‘The Federalist Papers’ vs. ‘Lord of the Flies’
New college grads face the choice of strengthening America’s commitment to order or hastening its descent into chaos, says U.S. Navy Adm. James Stavridis.
Metropolitan State University of Denver’s new graduates have a choice to make, but it doesn’t involve job offers or whether to pursue a master’s degree.
Adm. James Stavridis (Ret.) frames the choice they face as “The Federalist Papers” vs. “Lord of the Flies.” Will this graduating class support the positive benefits of society or peel off to this more chaotic world?
The retired U.S. Navy four-star admiral, former dean at Tufts University and acclaimed author will offer up the competing worldviews Friday as keynote speaker at MSU Denver’s Commencement ceremony for the College of Letters, Arts and Sciences and the School of Education.
During his 37 years in the Navy, Florida-born Stavridis served in commands of increasing responsibility, from that of a single destroyer to a carrier strike group in the Persian Gulf during wartime to the U.S. Southern Command made up of personnel from all the U.S. military services, which was responsible for Central America, South America and parts of the Caribbean. He retired in 2013 after four years in Brussels, serving as Supreme Allied Commander of the North Atlantic Treaty Organization, overseeing military operations that included NATO’s missions in Afghanistan and Syria.
Stavridis on Friday will speak to MSU Denver’s new grads about equality, the rule of law and separation of powers. They are themes privileged in “The Federalist Papers,” in which authors Alexander Hamilton, James Madison and John Jay made the case for ratification of the U.S. Constitution in a series of essays published in the 1780s.
“While of course tinged by their times, with the typical biases of their times, the authors of the papers held a very idealistic view of the importance of creating a rules-based society,” Stavridis said. “As we watch authoritarian systems” — for example, China and Russia — “deny rights and create systems of tyranny, (the authors’ warnings) ring very true.”

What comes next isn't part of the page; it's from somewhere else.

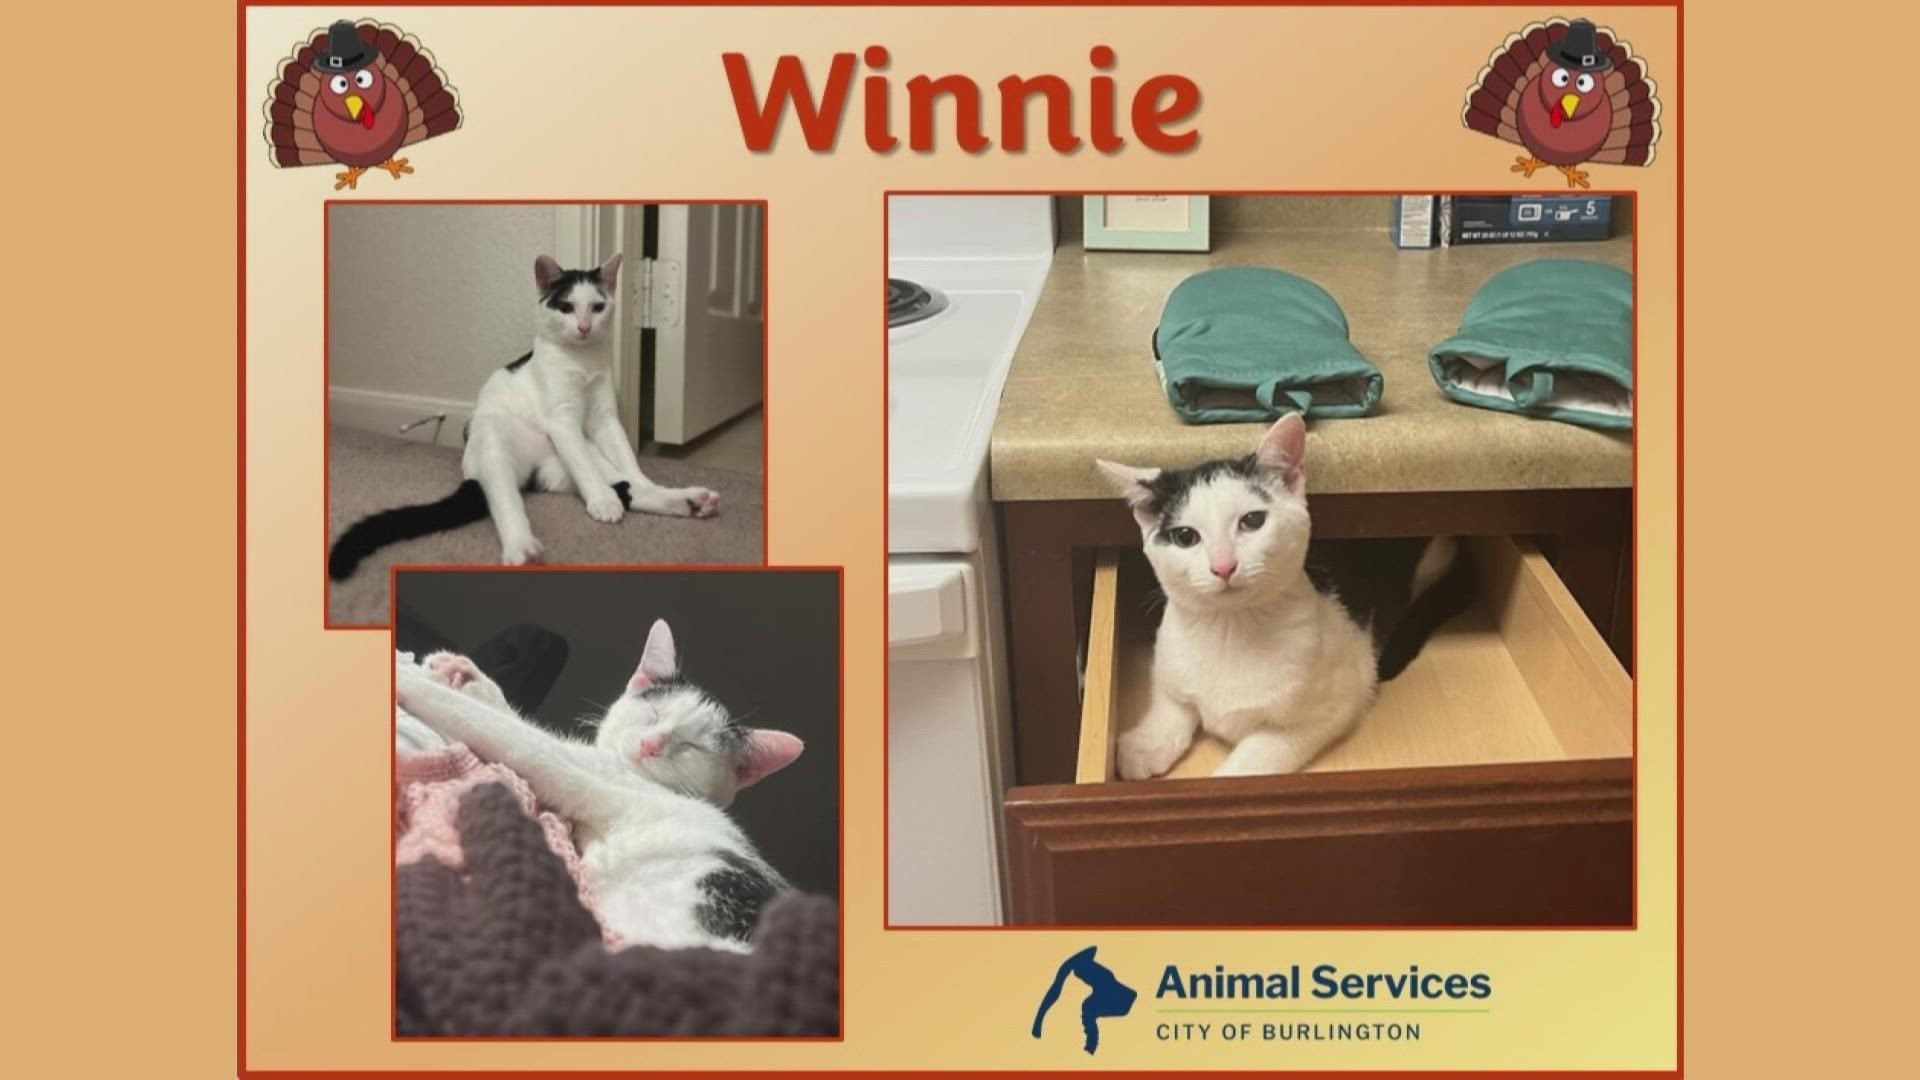 Let’s get Winnie adopted!
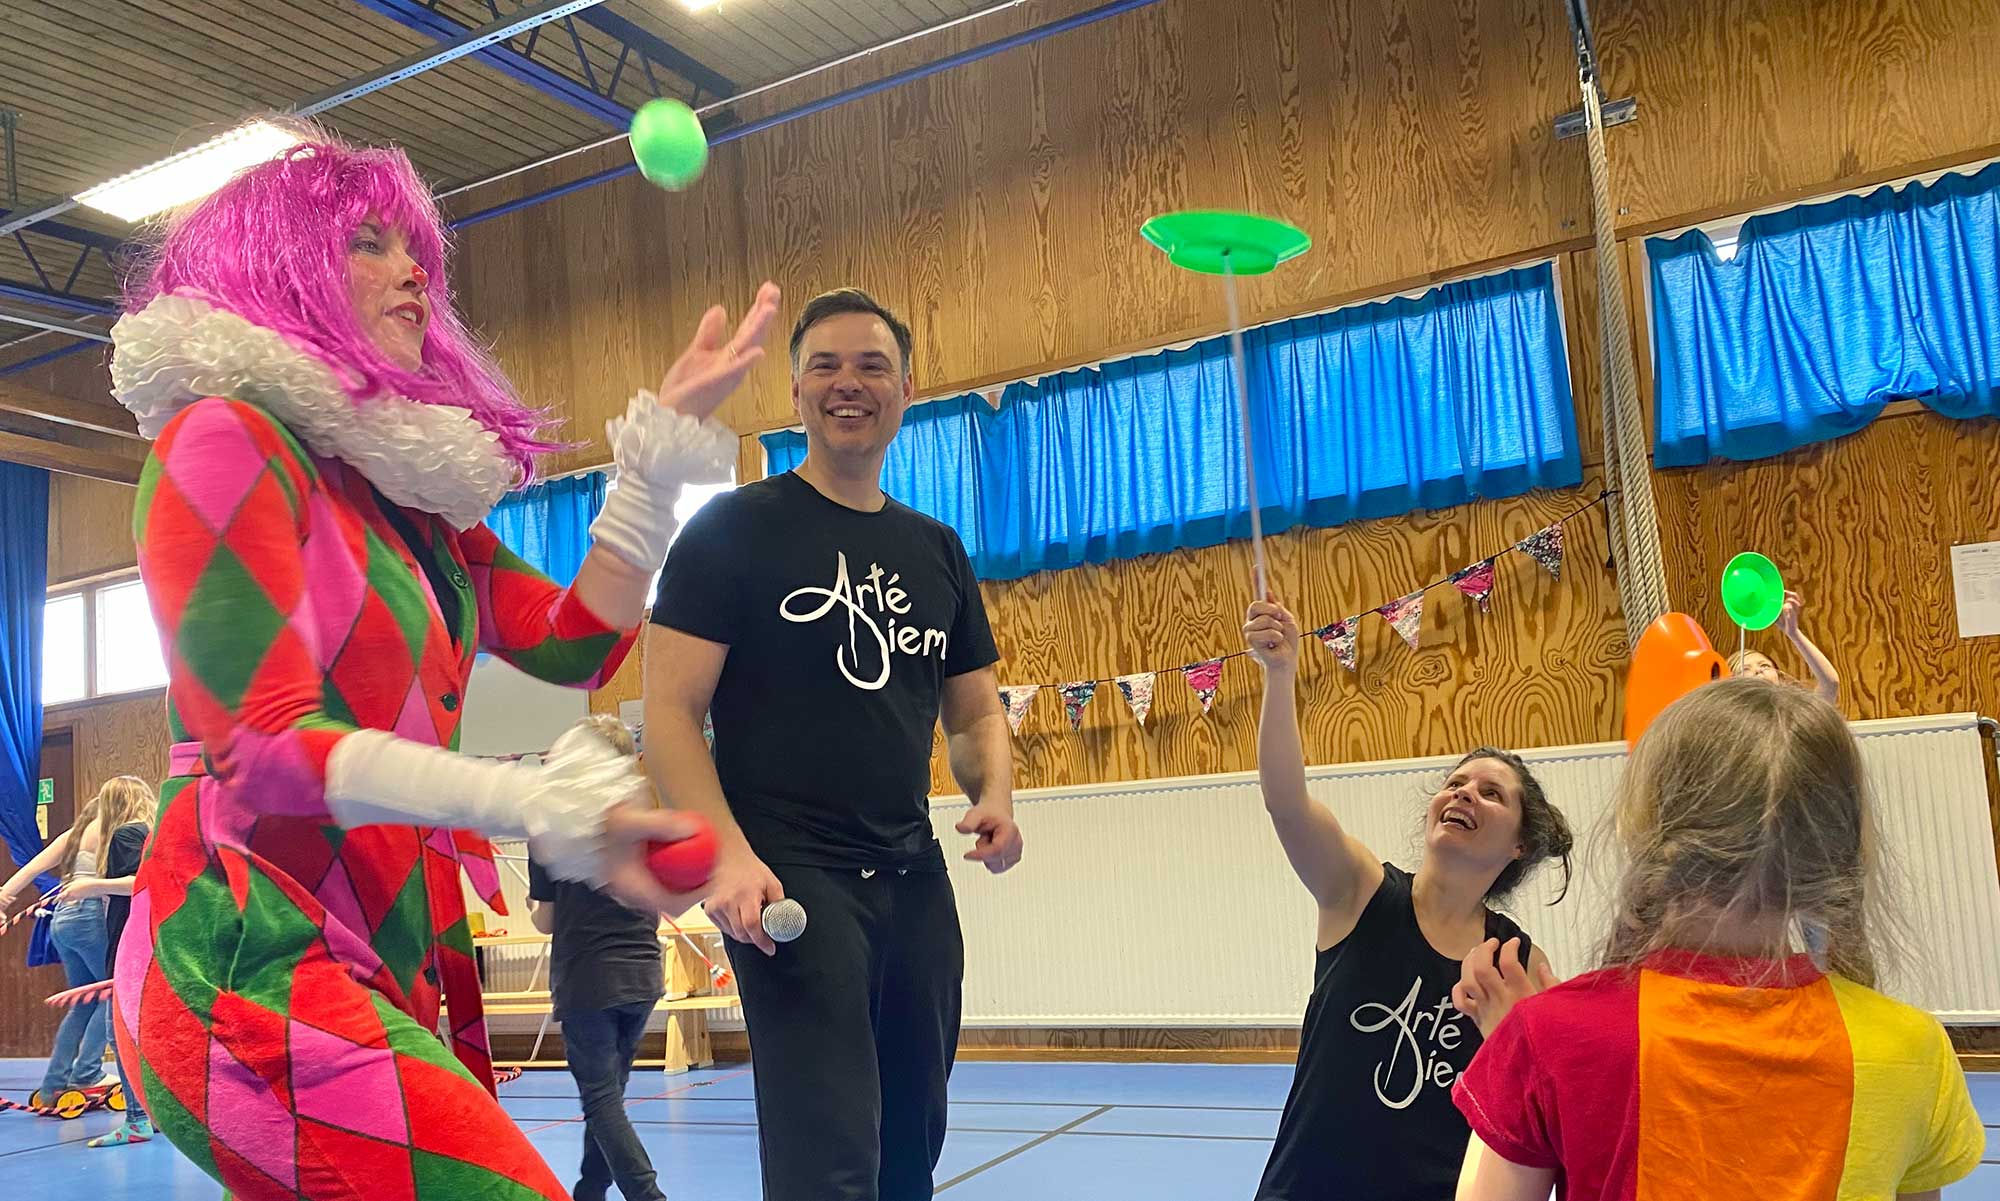 Cirkus- och akrobatikgruppen Cirque Arté Diem gör cirkuskonster på Långaröds skola och fritidshem i Hörby.

Will “The Federalist Papers’” authors’ vision of “safety and happiness in union” come to pass? Or is today’s society already regressing into something more savage, akin to the lost schoolboys in “Lord of the Flies,” the 1954 novel by Nobel Prize-winning British author William Golding — as Stavridis puts it, “a society coming apart at the edges”?
“If you look back on our society 70 years ago, while we had many evident flaws in our approach to civil rights and gender equality, we did have a stronger sense of order in society. Today’s society, I think, has abandoned some of those ideas of civility, decency, honor and compassion,” he said.
Today, he is an in-demand television news analyst, op-ed contributor and speaker, but Stavridis said he hasn’t always been great at making a point.
After graduating from the U.S. Naval Academy in Annapolis, Maryland, in 1976, Stavridis was “a capable mariner,” he said. “I could launch a missile, but I couldn’t launch an idea to save my life.”
Then the Navy sent him to graduate school, where he would excel; Stavridis would go on to earn a Ph.D. in international relations and a Master of Arts in law and diplomacy from the Fletcher School of Law and Diplomacy at Tufts University in Massachusetts. Soon after retiring from the Navy, he returned to the Fletcher School, where he served as dean from 2013 to 2018.
During his tenure at Tufts, Stavridis embarked on what has become an acclaimed and prolific writing career. His memoir “The Accidental Admiral: A Sailor Takes Command at NATO” debuted in 2014, followed by two books in 2017: “The Leader’s Bookshelf,” describing his 50 favorite books about leadership; and “Sea Power: The History and Geopolitics of the World’s Oceans.” His latest tome, “Sailing True North: Ten Admirals and the Voyage of Character,” was published in October.
The theme of order vs. chaos is one he has touched on across his books and myriad media appearances.
Stavridis in an October appearance on MSNBC criticized President Donald Trump’s decision to move U.S. troops out of Syria that month, and the retired admiral continues to contend that removing the troops from the war-torn nation amounts to a “humanitarian disaster.” The move also sent the message that the U.S. is an “unreliable partner” and left behind “a deep sense of betrayal” among the local forces the U.S. had fought alongside, he said.
Recent acrimony among NATO heads of state Trump, French President Emmanuel Macron and Turkish President Recep Tayyip Erdo?an would have made Stavridis’ job at NATO more difficult, he said.
But does NATO still matter? he asked, referring to a question he fields frequently. “Yes, because of its ability to provide collective deterrence” to conventional threats and bolster important counterterrorism and cybersecurity campaigns.
America remains strong, but the choice faced by the country – and MSU Denver’s graduating class – is pressing, Stavridis said.
“Our nation is still holding together and following legal norms,” he said, “but the storm clouds to the contrary are out there.”